Впрочем, главная беда советской евгеники заключалась не в том, что она рассматривала статистические законы и ансамбли отнюдь не равнородных частиц-человеков как механизм, способный улучшать свои свойства после модернизирующего ремонта, а в том, что она взяла на себя смелость вершить суд. Не по Сеньке шапка – и без биологов есть особи, решающие, кто к чему предназначен. Для себя они давно выработали евгенические правила поведения, игнорируя такие глупые понятия, как «любовь», а для поголовья оставили приятные предрассудки. Эти «вершители» достаточно умны для того, чтобы оставить протекание процессов в основе природным, достаточно безумны, чтобы иногда позволять экспериментировать творческим силам снизу, достаточно бесстрашны для того, чтобы умереть в результате неверно поставленного опыта. Что и случалось во всякого рода социальных революциях.

Одного они не могли позволить: принимать решения тем, кто на это не способен. А еще больше – вооружать их теорией. Поэтому русская евгеника была свернута, а ее акторы уничтожены в невероятно короткие сроки. Пришедшая на смену революционной теории теория устойчивого развития предполагала опору на скрытую сословность. Утопии Олдоса Хаксли и Евгения Замятина можно читать как иллюстрации к курсу евгеники. Но воплощать их не спешили.

Практическая польза от разгрома русской евгеники очевидна: мы не потеряли агрессивности. Вред, правда, ощущается не менее: похороны науки об улучшении породы человека позволили перейти к скрытому геноциду лучших. Которых худшие во власти умеют чувствовать кожей.
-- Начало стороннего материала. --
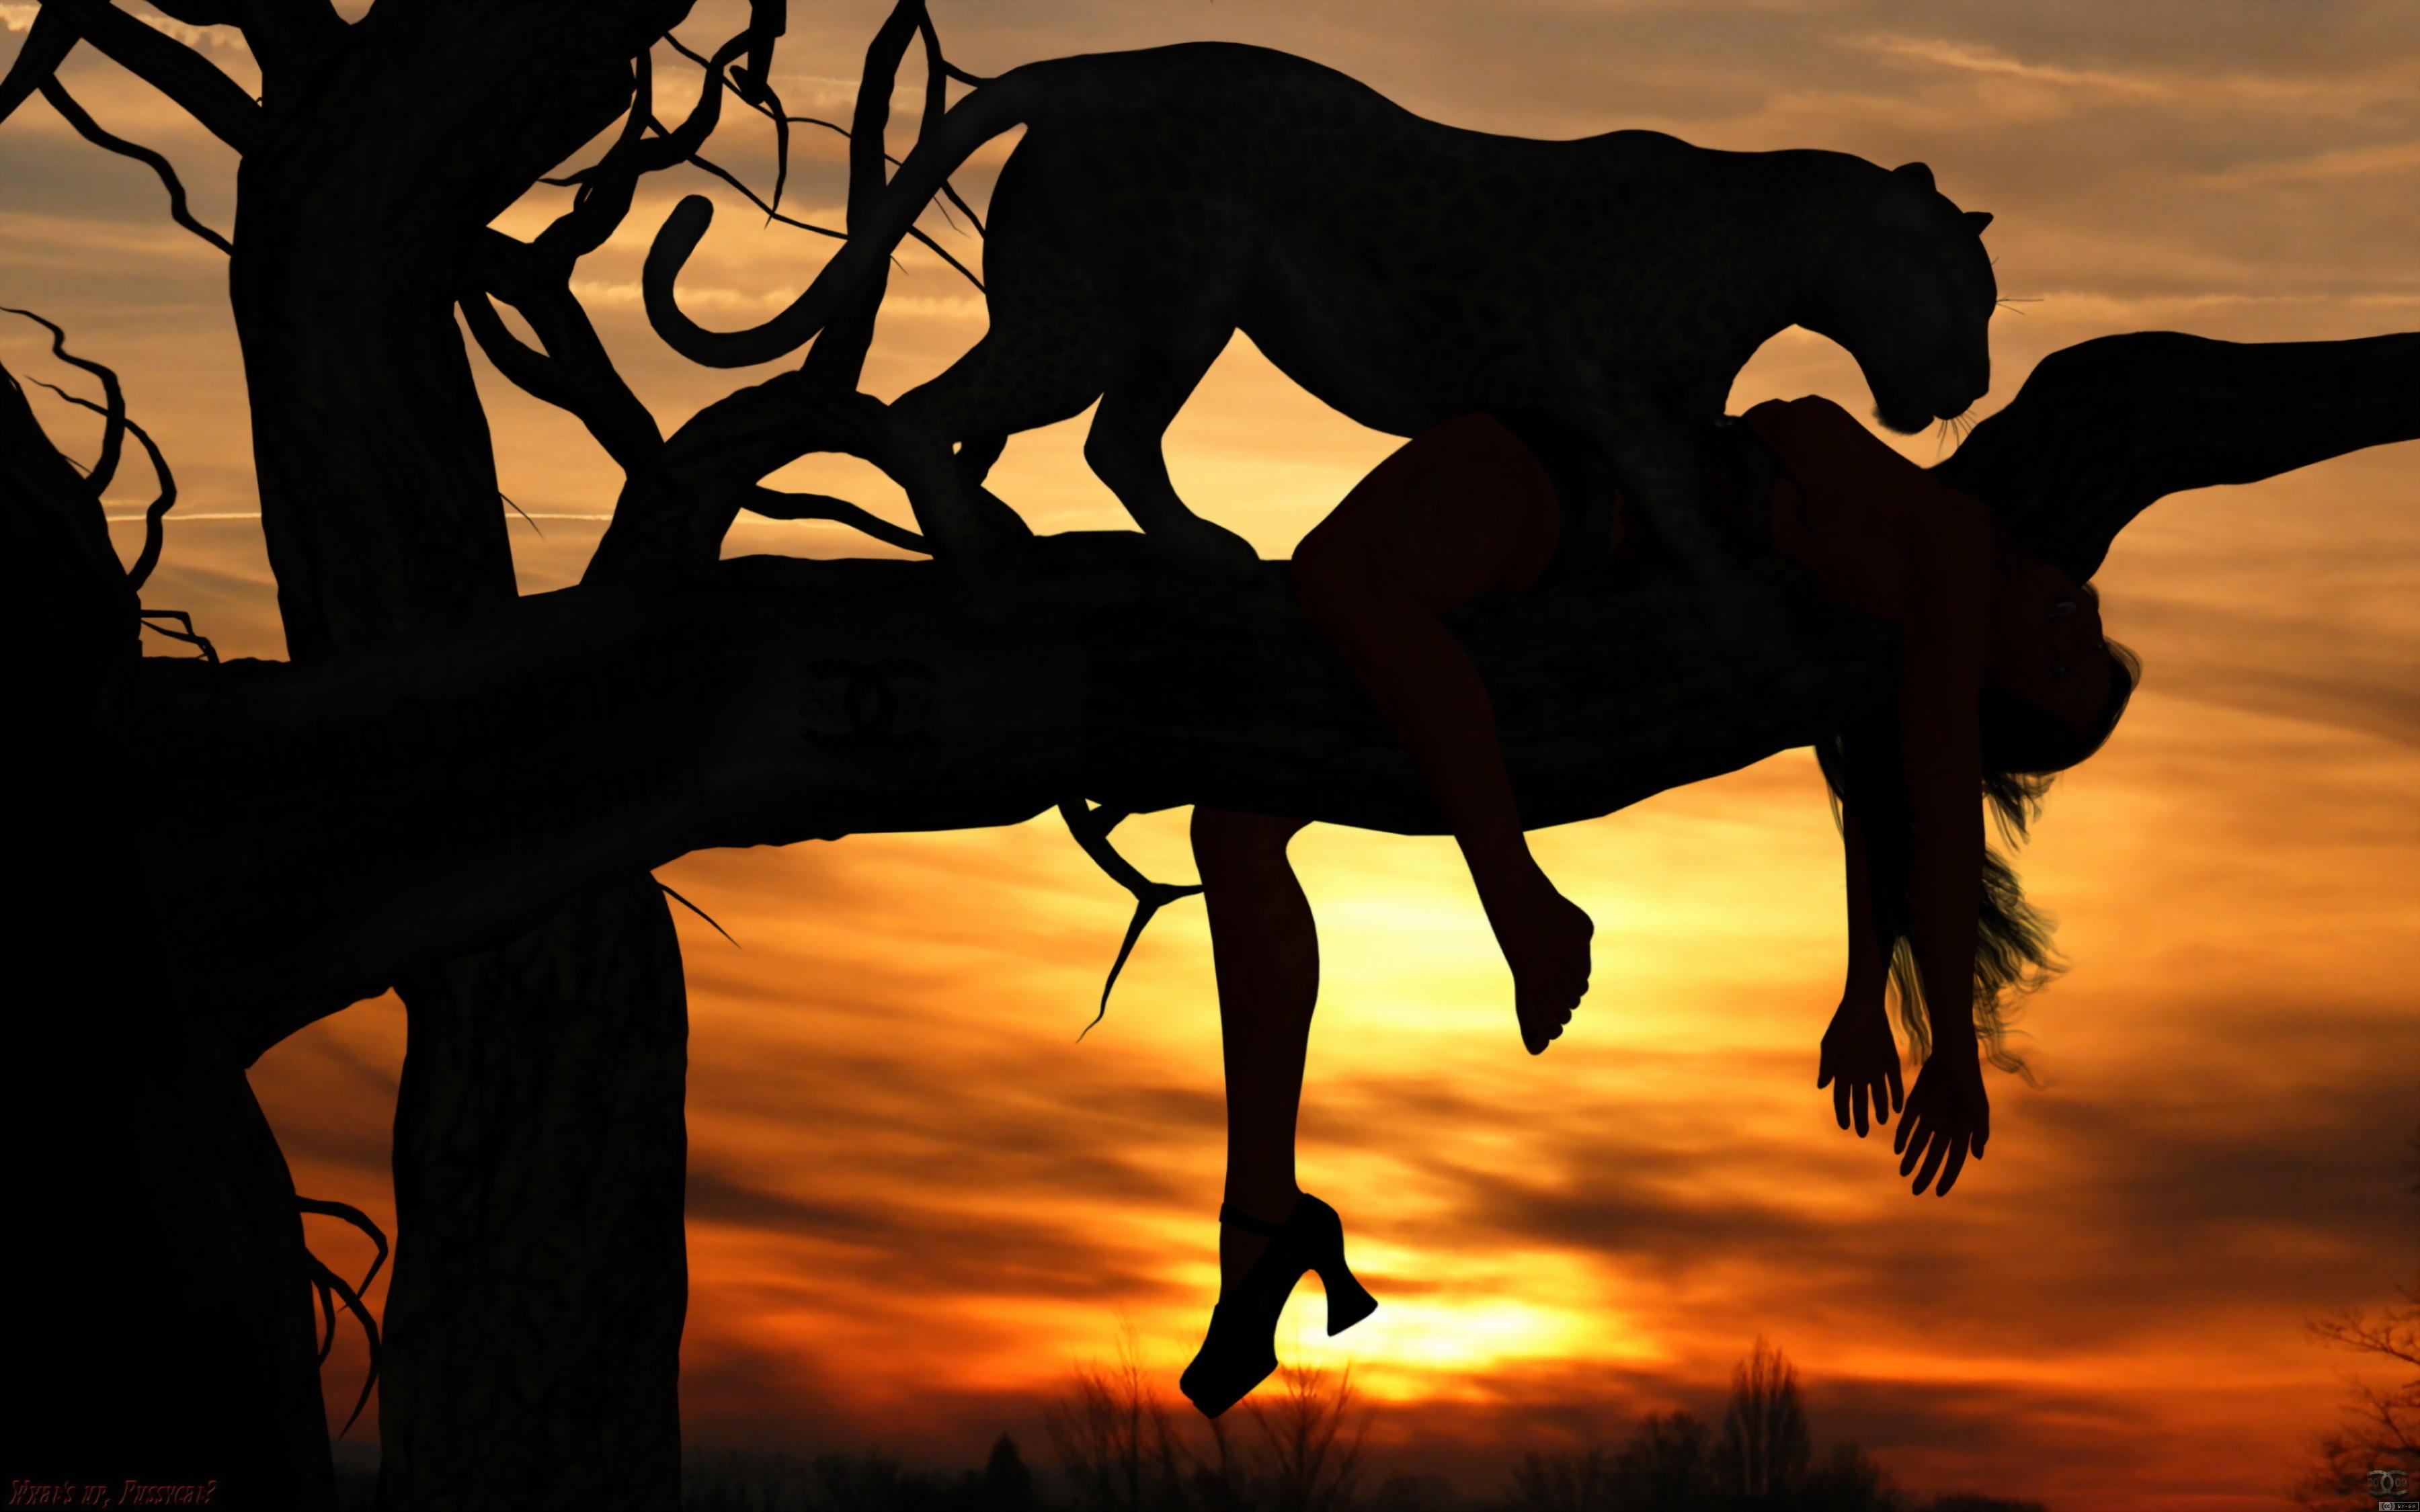 Hd wallpaper elephant - African Wallpapers Wallpapersafari

На все это сверху взирают умные и порой отбирают у детей опасные игрушки. Жертвы бывают с обеих сторон.

555

Владимир Борисович Авдеев
глазами неизвестного мне художника

ПРИМЕЧАНИЯ. Данная статья была подготовлена для «Литературной газеты» и сдана в печать в начале декабря 2012 года. Принята. Однако, пролежав в «портфеле редакции» до середины февраля, она уже не смогла быть там опубликована, т.к. автор после конфликта с главредом «ЛГ» Поляковым оказался не только вне состава редакции, но и в персональном «черном списке» главного редактора.